# [DIRECTIONS FOR THIS TASK]
Go through the listing below and output exactly the line with "Bracelet Artus small gold - 5 Octobre", the line with "Field chickweed (Cerastium", and each line between; omit the rest.

Top of RECORDS FOR THIS EXERCISE

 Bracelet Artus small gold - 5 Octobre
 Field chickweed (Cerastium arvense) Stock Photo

Bottom of RECORDS FOR THIS EXERCISE
Top of RECORDS FOR THIS EXERCISE

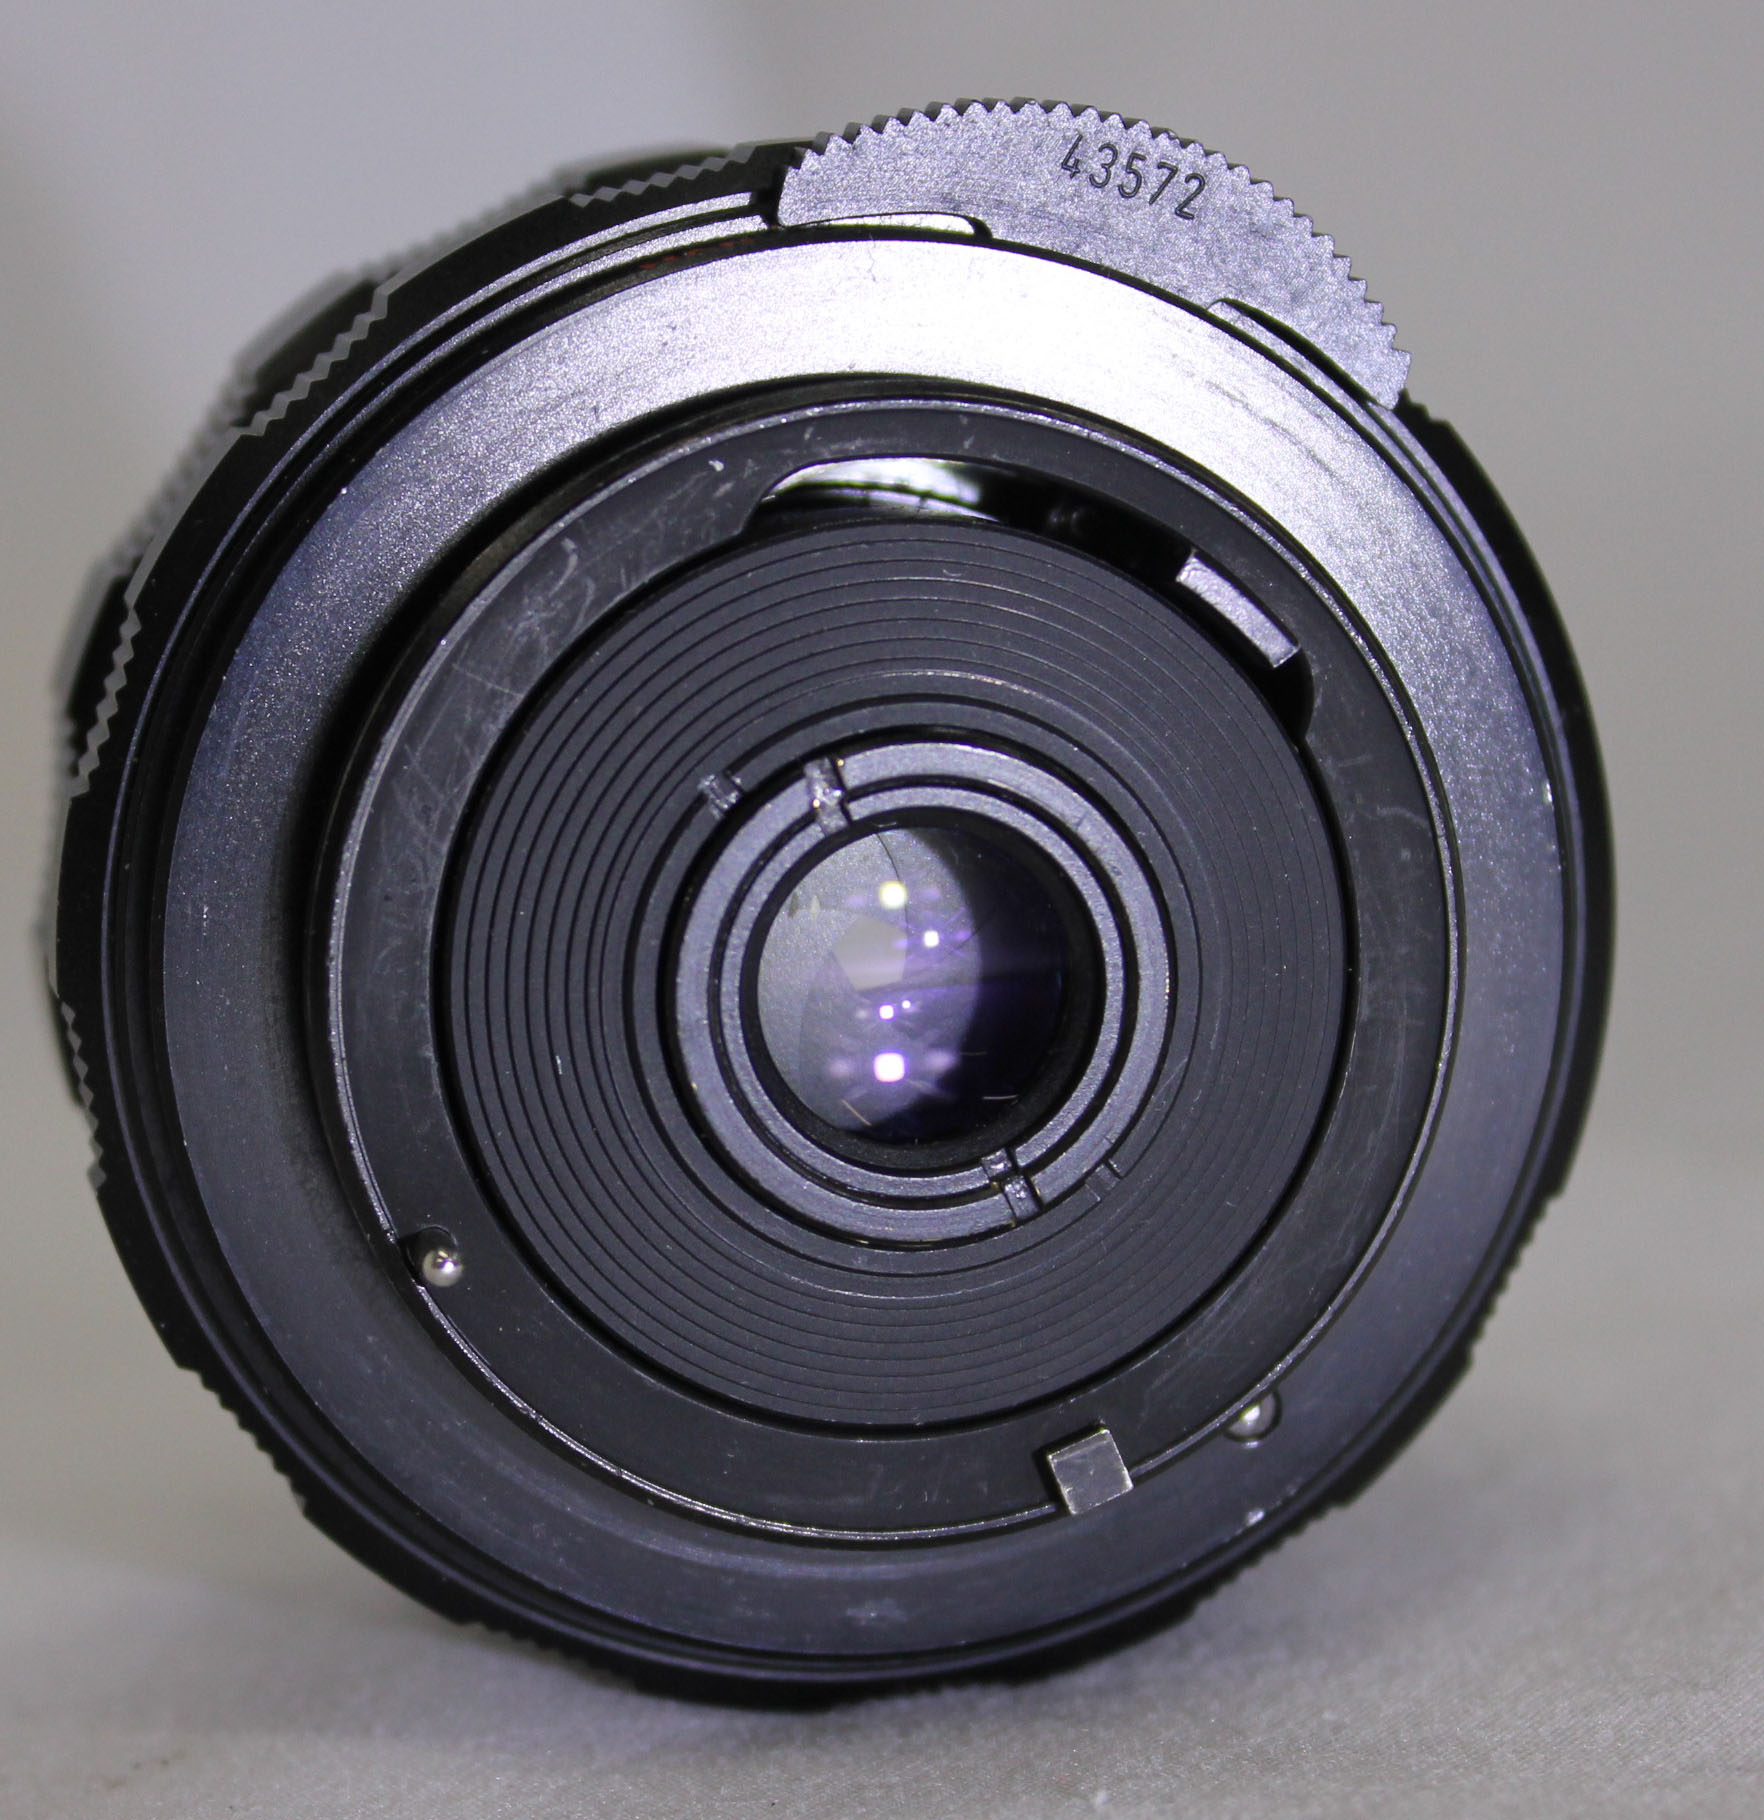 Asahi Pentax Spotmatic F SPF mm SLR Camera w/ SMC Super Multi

Bottom of RECORDS FOR THIS EXERCISE

# [SOLUTION FOR THIS EXERCISE]
 Bracelet Artus small gold - 5 Octobre
 Field chickweed (Cerastium arvense) Stock Photo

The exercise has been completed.